> _Problem statement_
Beneath this line is the data. Output exactly the lines from the line with "6259 W Lawrence" to the line with "Allen Roth 5", both ends included, and nothing more.

* * * *

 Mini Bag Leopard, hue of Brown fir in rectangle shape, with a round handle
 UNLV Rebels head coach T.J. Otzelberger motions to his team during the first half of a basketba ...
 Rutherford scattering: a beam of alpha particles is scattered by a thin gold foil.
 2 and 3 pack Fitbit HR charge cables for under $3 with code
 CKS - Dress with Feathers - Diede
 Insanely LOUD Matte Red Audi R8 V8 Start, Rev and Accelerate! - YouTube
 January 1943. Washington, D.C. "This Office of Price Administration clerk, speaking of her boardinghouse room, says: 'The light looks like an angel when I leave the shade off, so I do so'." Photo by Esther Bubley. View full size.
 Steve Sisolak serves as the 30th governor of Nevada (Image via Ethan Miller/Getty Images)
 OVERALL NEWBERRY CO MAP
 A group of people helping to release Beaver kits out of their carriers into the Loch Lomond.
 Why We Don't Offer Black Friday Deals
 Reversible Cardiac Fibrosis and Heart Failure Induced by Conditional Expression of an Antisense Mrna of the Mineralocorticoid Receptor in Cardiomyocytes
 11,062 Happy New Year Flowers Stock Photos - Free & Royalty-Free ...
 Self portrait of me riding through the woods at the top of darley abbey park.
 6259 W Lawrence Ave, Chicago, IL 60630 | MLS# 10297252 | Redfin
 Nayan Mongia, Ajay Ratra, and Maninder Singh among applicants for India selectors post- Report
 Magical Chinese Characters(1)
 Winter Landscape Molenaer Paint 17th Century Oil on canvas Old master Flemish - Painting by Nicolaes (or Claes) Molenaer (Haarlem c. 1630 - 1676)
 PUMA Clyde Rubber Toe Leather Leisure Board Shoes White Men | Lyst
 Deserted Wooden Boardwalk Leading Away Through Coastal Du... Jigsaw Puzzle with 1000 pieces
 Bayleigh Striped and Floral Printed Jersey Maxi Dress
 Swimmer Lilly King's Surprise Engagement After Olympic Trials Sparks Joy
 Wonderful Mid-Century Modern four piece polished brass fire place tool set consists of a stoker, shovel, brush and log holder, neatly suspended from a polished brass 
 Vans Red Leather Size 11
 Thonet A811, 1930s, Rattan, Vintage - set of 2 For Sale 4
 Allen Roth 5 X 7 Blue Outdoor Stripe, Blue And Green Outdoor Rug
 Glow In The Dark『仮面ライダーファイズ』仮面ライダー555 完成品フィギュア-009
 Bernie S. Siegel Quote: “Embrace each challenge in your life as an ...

* * * *

> _Output of the exercise_
 6259 W Lawrence Ave, Chicago, IL 60630 | MLS# 10297252 | Redfin
 Nayan Mongia, Ajay Ratra, and Maninder Singh among applicants for India selectors post- Report
 Magical Chinese Characters(1)
 Winter Landscape Molenaer Paint 17th Century Oil on canvas Old master Flemish - Painting by Nicolaes (or Claes) Molenaer (Haarlem c. 1630 - 1676)
 PUMA Clyde Rubber Toe Leather Leisure Board Shoes White Men | Lyst
 Deserted Wooden Boardwalk Leading Away Through Coastal Du... Jigsaw Puzzle with 1000 pieces
 Bayleigh Striped and Floral Printed Jersey Maxi Dress
 Swimmer Lilly King's Surprise Engagement After Olympic Trials Sparks Joy
 Wonderful Mid-Century Modern four piece polished brass fire place tool set consists of a stoker, shovel, brush and log holder, neatly suspended from a polished brass 
 Vans Red Leather Size 11
 Thonet A811, 1930s, Rattan, Vintage - set of 2 For Sale 4
 Allen Roth 5 X 7 Blue Outdoor Stripe, Blue And Green Outdoor Rug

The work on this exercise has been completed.